Task requirements:
Take the data below and write it out exactly, except for the pictures.

Collected data:
-.-.-

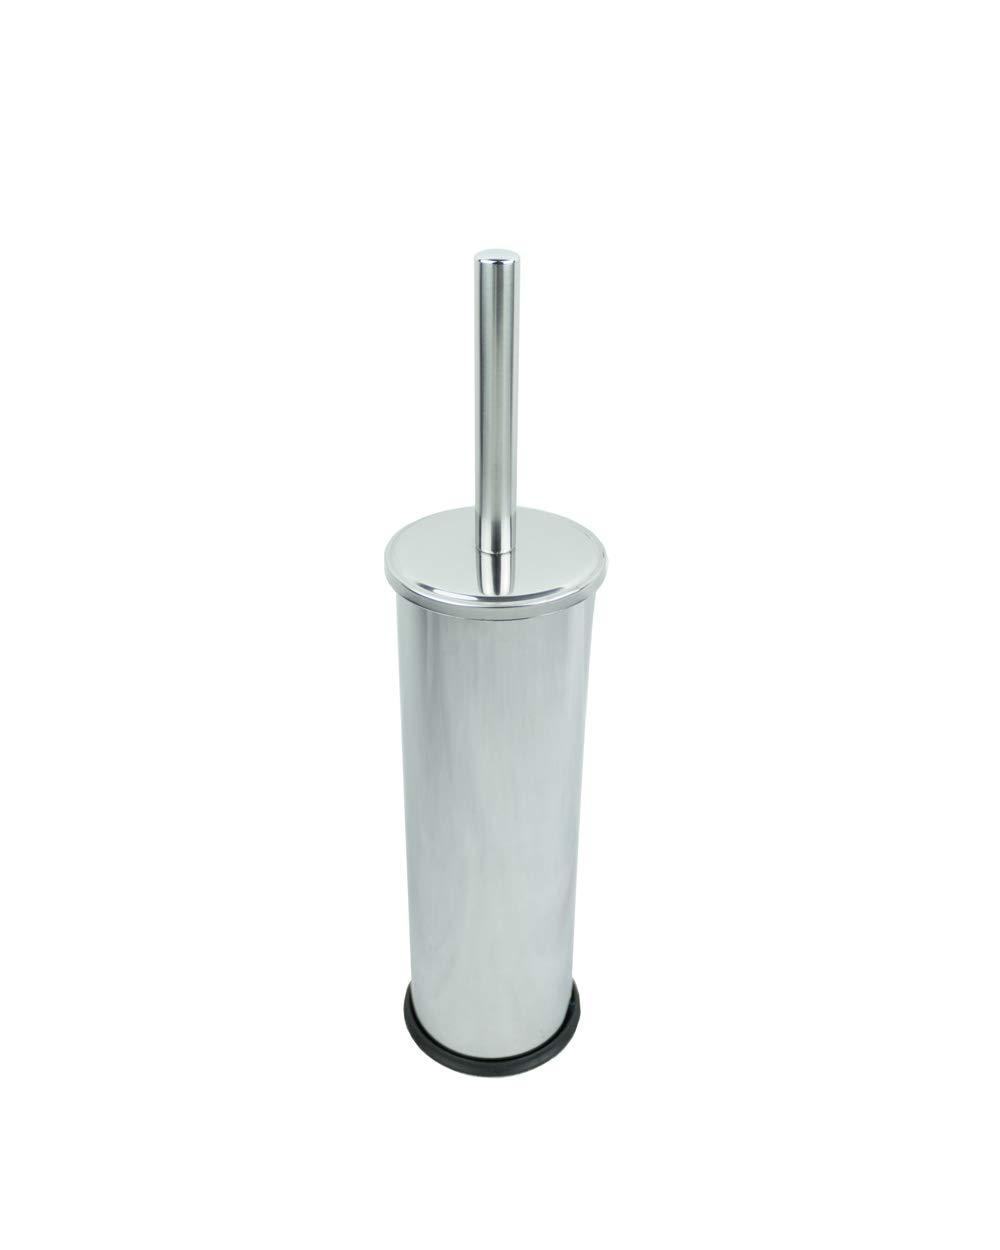 Kugel Bürstengarnitur Klobürste Toilettenbürste Edelstahl 37cm WC-Garnitur
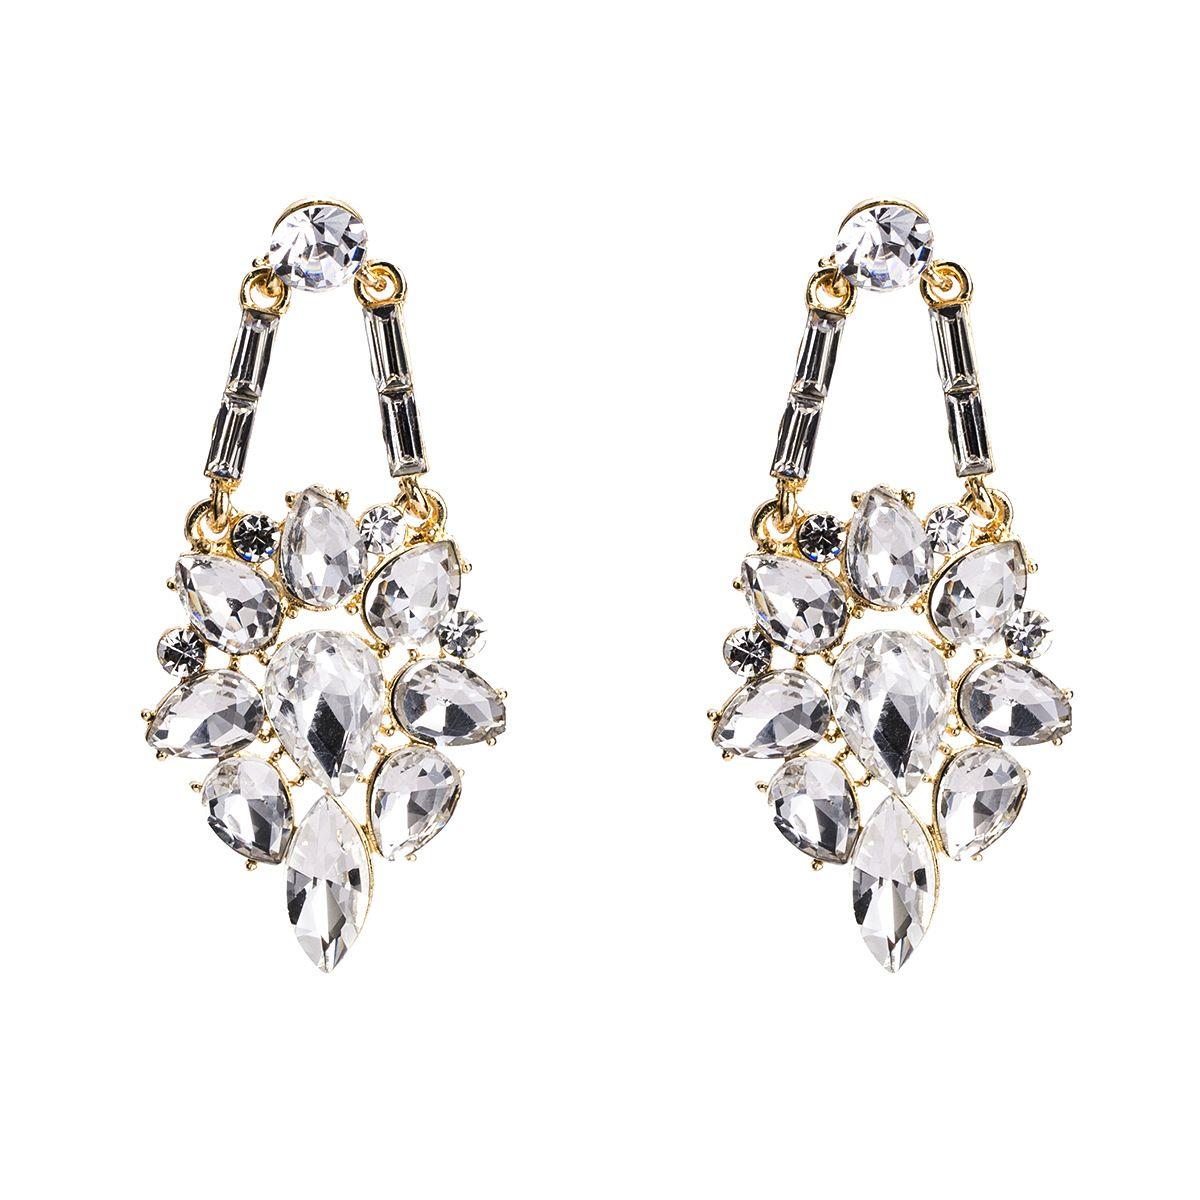 Brincos de borla para as mulheres de luxo boho personalidade Broca de vidro Dangle brincos simples Vintage geométrica moda Jóias atacado 2018
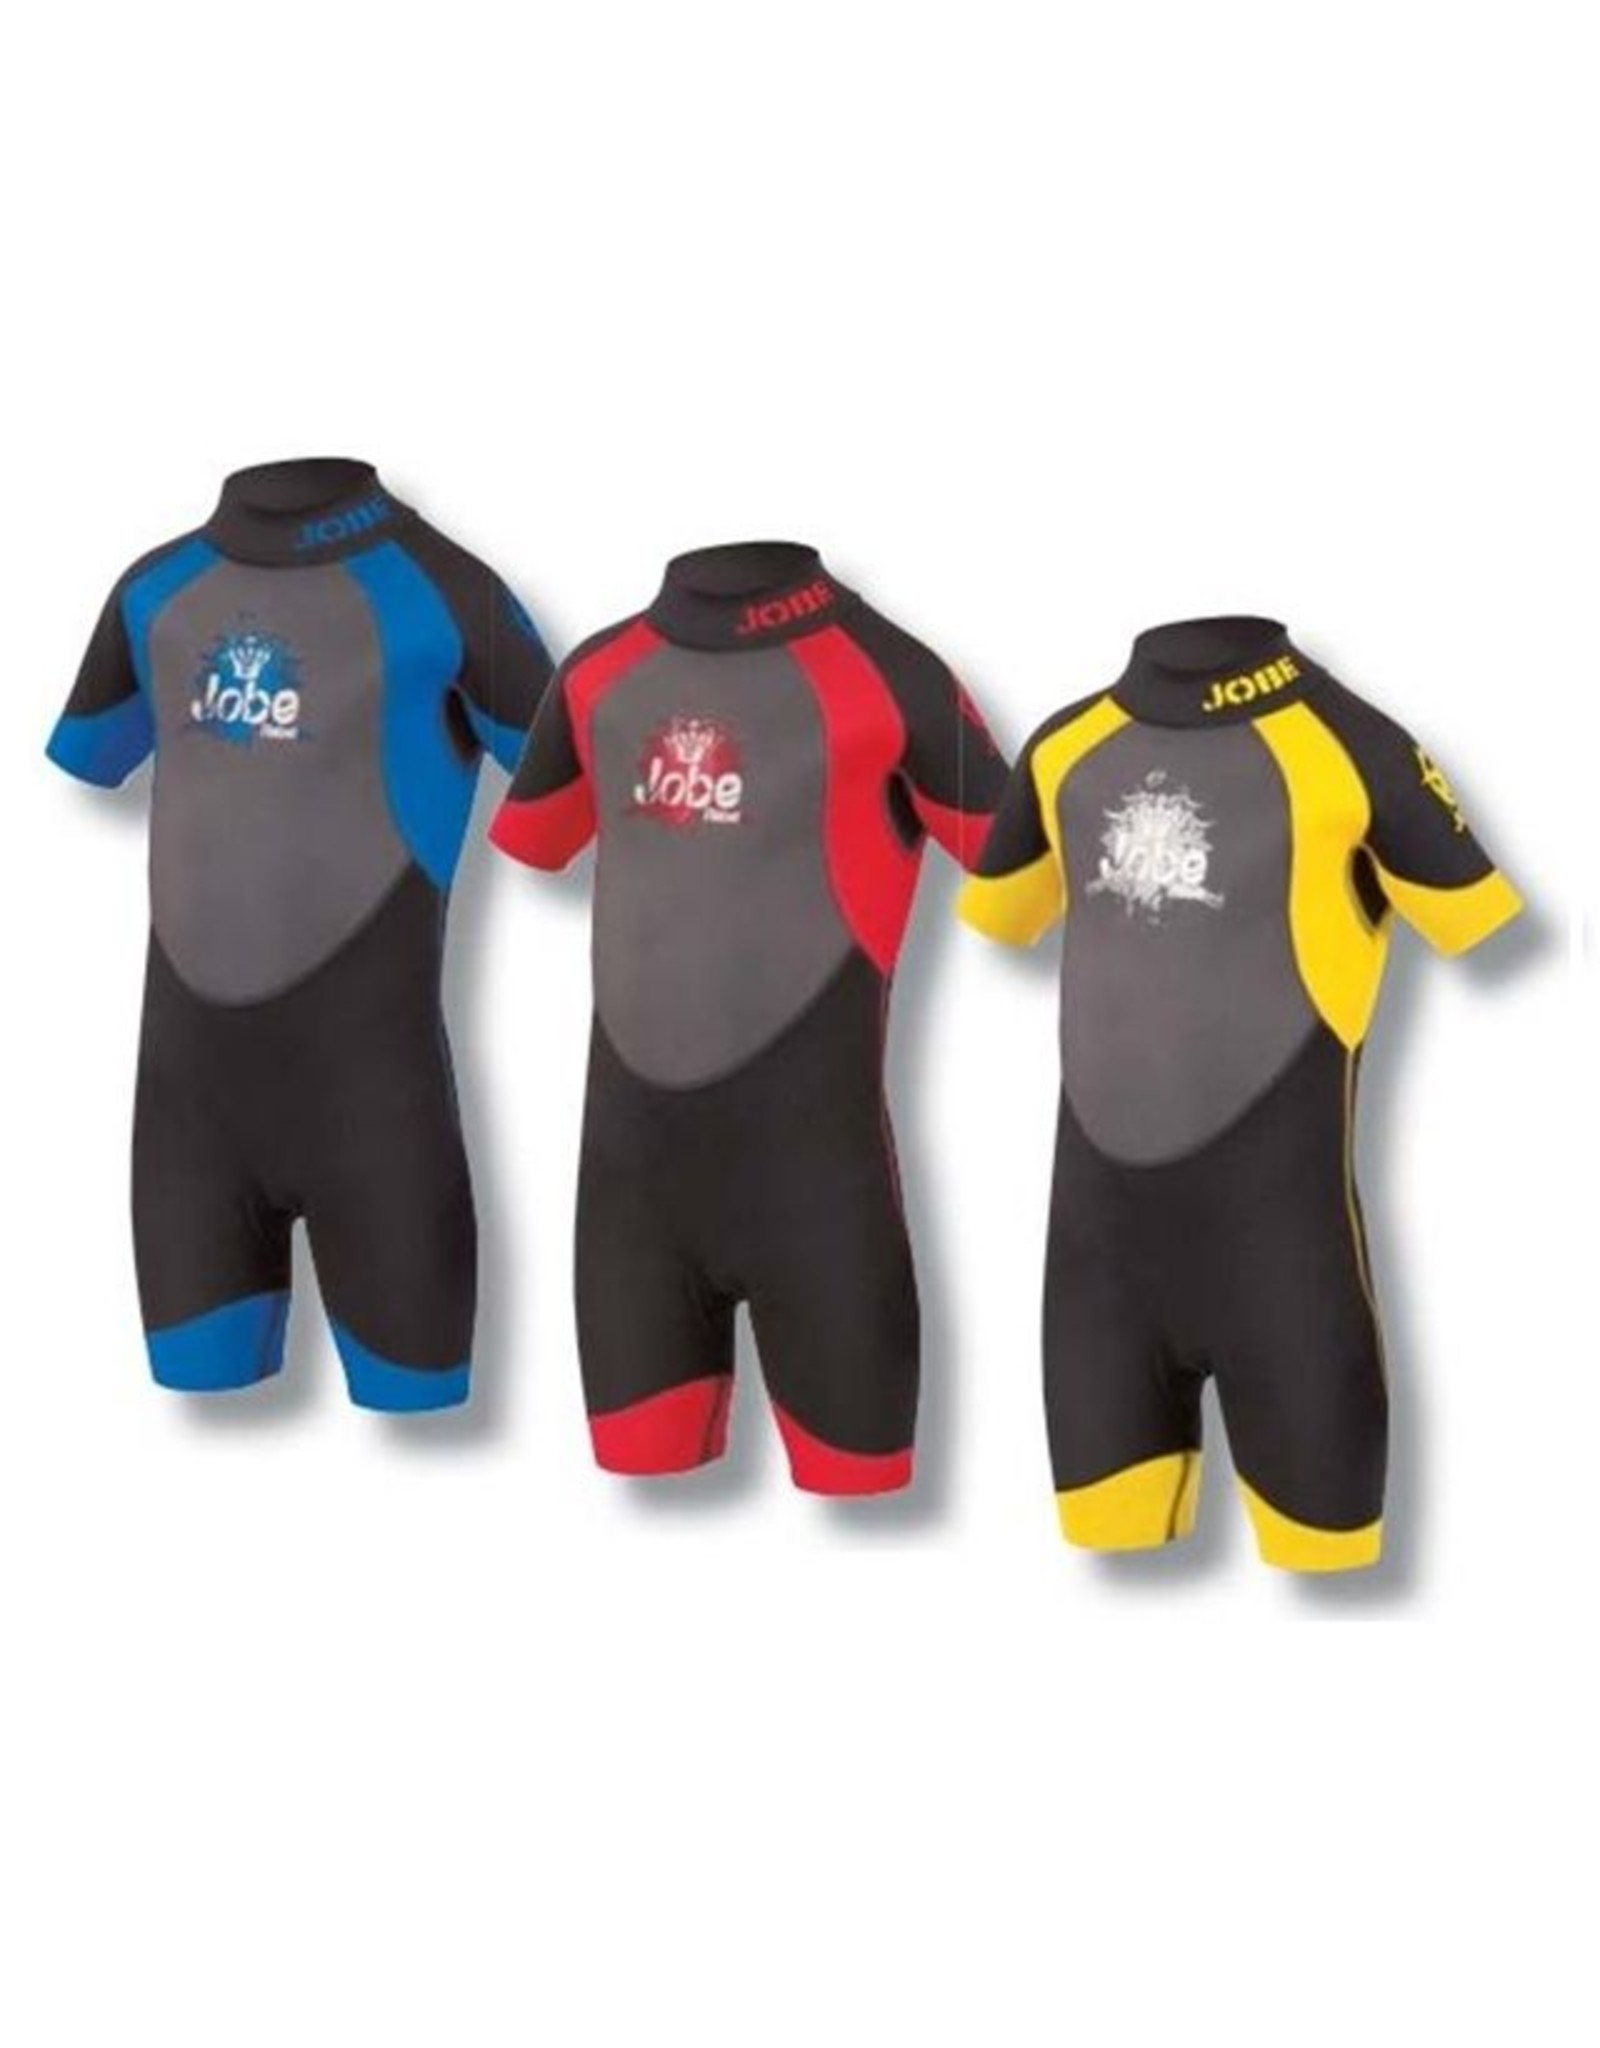 Hebor Watersport Jobe Shorty Rebel kinder wetsuit
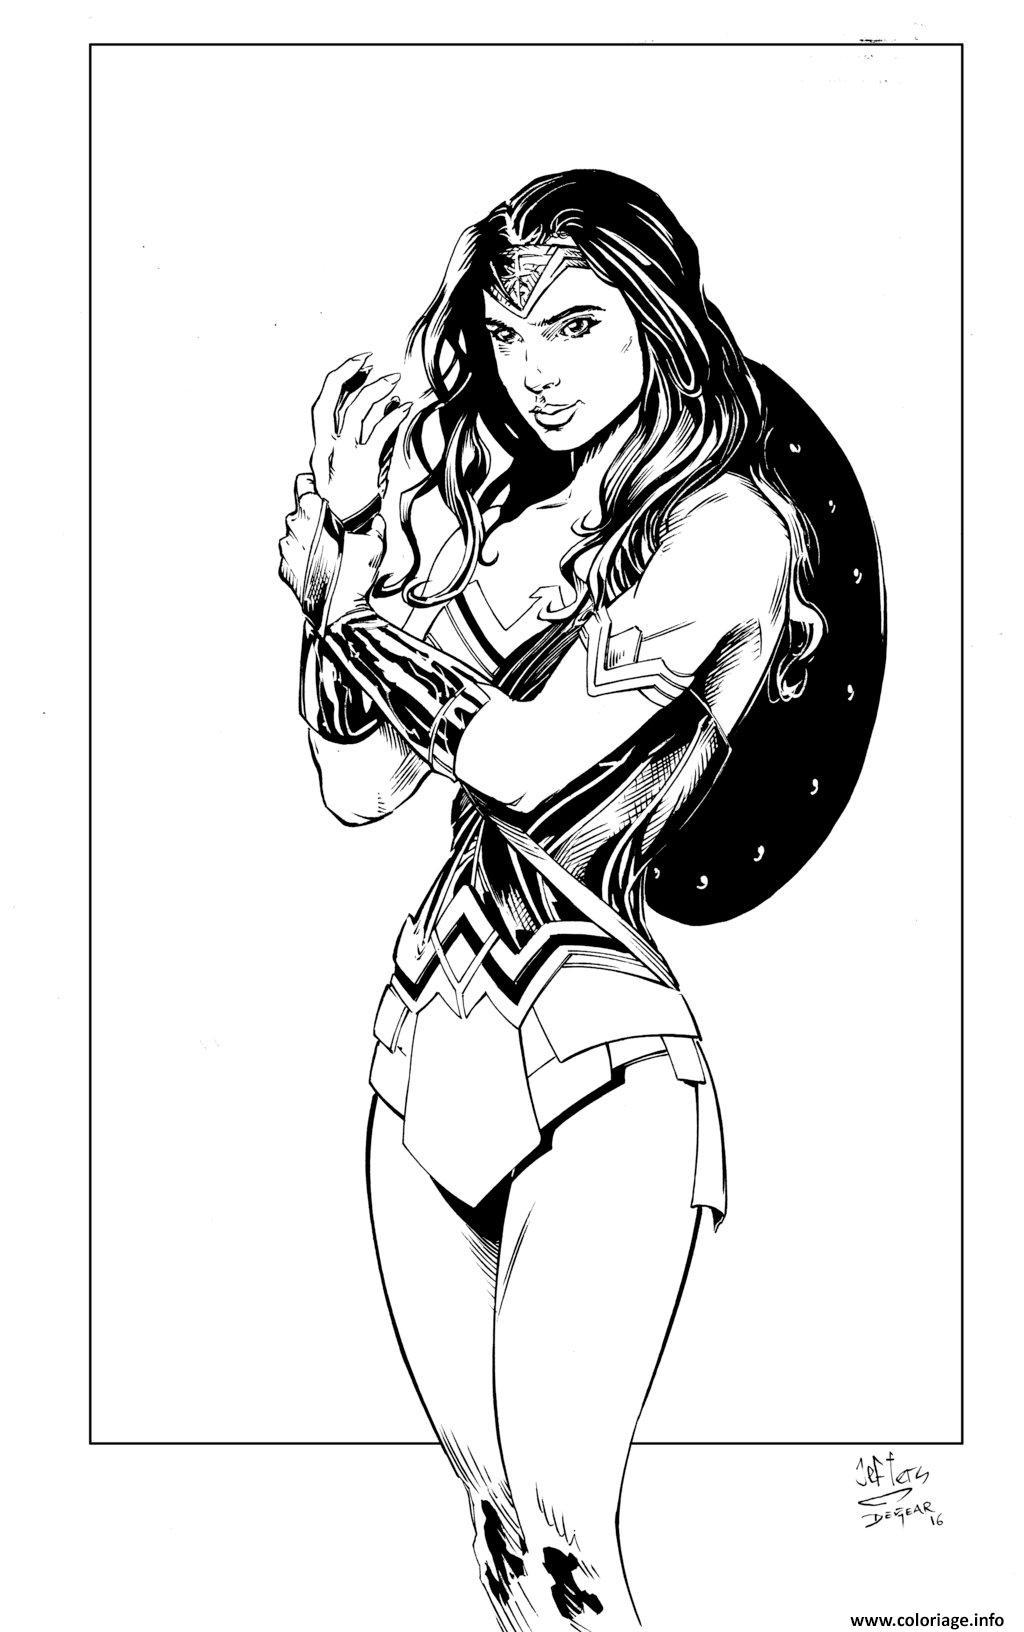 Coloriage Wonder Woman Inks By Devgear Dessin

-.-.-

Exercise output:
 Kugel Bürstengarnitur Klobürste Toilettenbürste Edelstahl 37cm WC-Garnitur
 Brincos de borla para as mulheres de luxo boho personalidade Broca de vidro Dangle brincos simples Vintage geométrica moda Jóias atacado 2018
 Hebor Watersport Jobe Shorty Rebel kinder wetsuit
 Coloriage Wonder Woman Inks By Devgear Dessin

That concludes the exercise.